I appreciate the desire of the NCAA (and ESPN) to give the women’s tournament a little more attention by moving their selection special from Sunday to Monday. But don’t they realize this means I now have to buy USA Today on Monday and Tuesday?
The White Zone is for Immediate Loading and Unloading of Passengers Only
In Las Vegas, you can smoke anywhere you want, and you can gamble any time you want. You can drink anywhere you want, any time you want, and you can bet on cricket, if that’s your thing. But you cannot bring your own bottle of Jagermeister into Nine Fine Irishmen and start drinking it. The bouncer will make you pour it out.
Again With The Different Names?
The NCAA has proven to me, once again, that it is the most geographically-confused organization in the world. How else to explain why first-round games in the men’s East regional were held in Winston-Salem (definitely East), Spokane, and Sacramento (definitely not East)? How else to make sense of the fact that first-round games in the men’s West regional were held in Chicago, Columbus, and Buffalo?
Of course, those assignments were practically genius compared to what they did on the women’s side.
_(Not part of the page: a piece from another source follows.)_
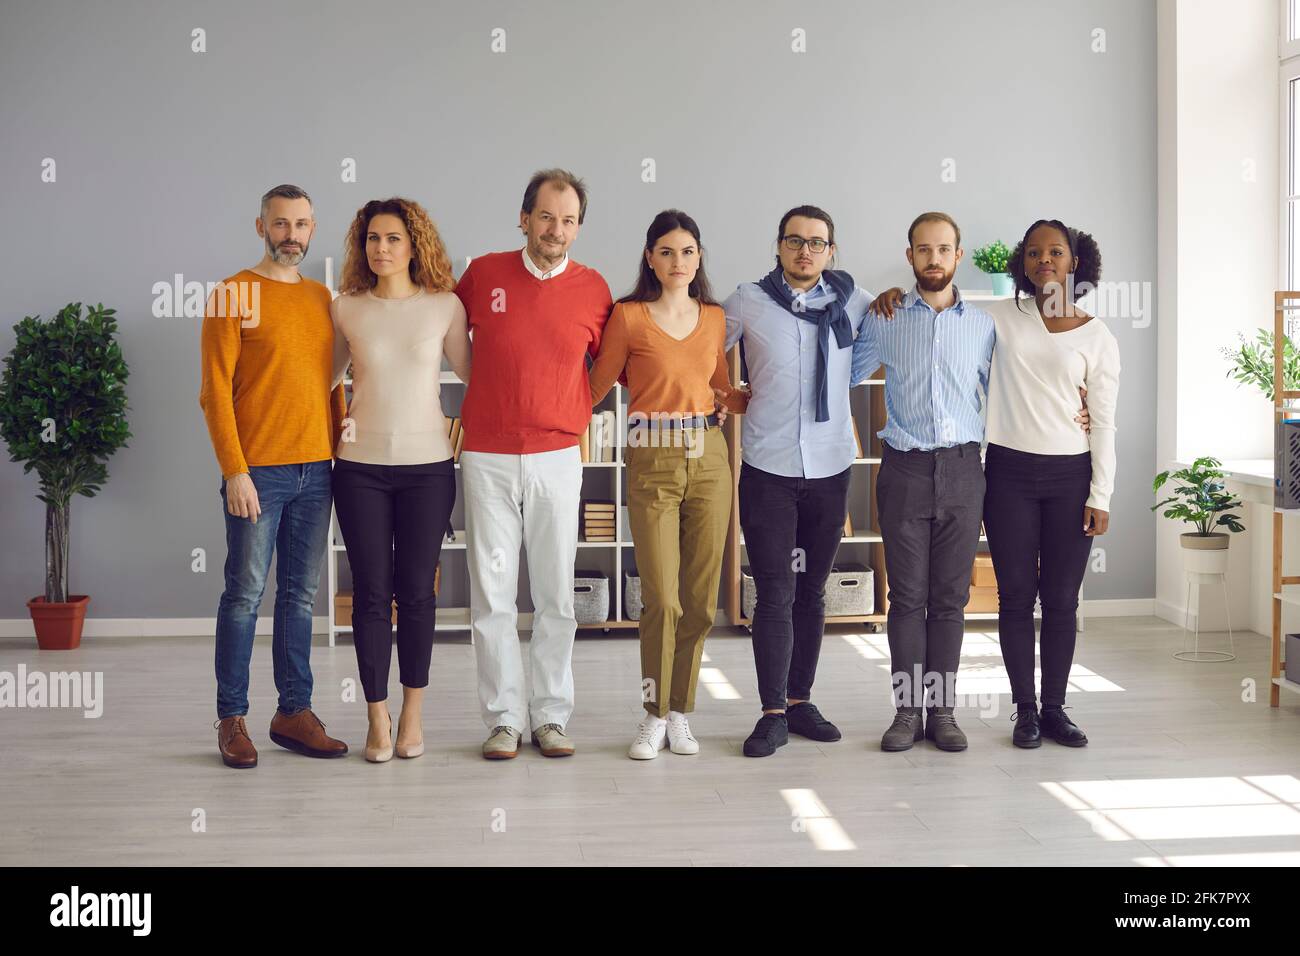 Verschiedene multiethnische Gruppen von Erwachsenen und jungen Menschen umarmen sich stehend In Reihe Stockfoto

For reasons I cannot begin to explain, while the NCAA returned the men’s regional names to, you know, like, the names of regions (West, East, Midwest, South) instead of last year’s pseudo-regions (Washington, D.C., Atlanta, Minneapolis, Oakland), the women are once again saddled with the names of “regions”: Dallas; Fresno; Dayton, Ohio; and Greensboro, North Carolina.
Well, at least they’re all big-time cities.
As it is with the men’s regions, it appears that the NCAA’s geographer was spinning around in circles while spinning the region-picking globe: Stanford, California; Hartford, Connecticut; and Austin, Texas, feed into the “Dayton” region; Los Angeles and East Lansing, Michigan feed into the “Greensboro” region; Hartford, Austin, and Raleigh, North Carolina feed into the “Fresno” region; and Pittsburgh, Los Angeles, and Minneapolis feed into the “Dallas” region.
If I were an NIT-bound mid-major, I wouldn’t trust their judgment, either.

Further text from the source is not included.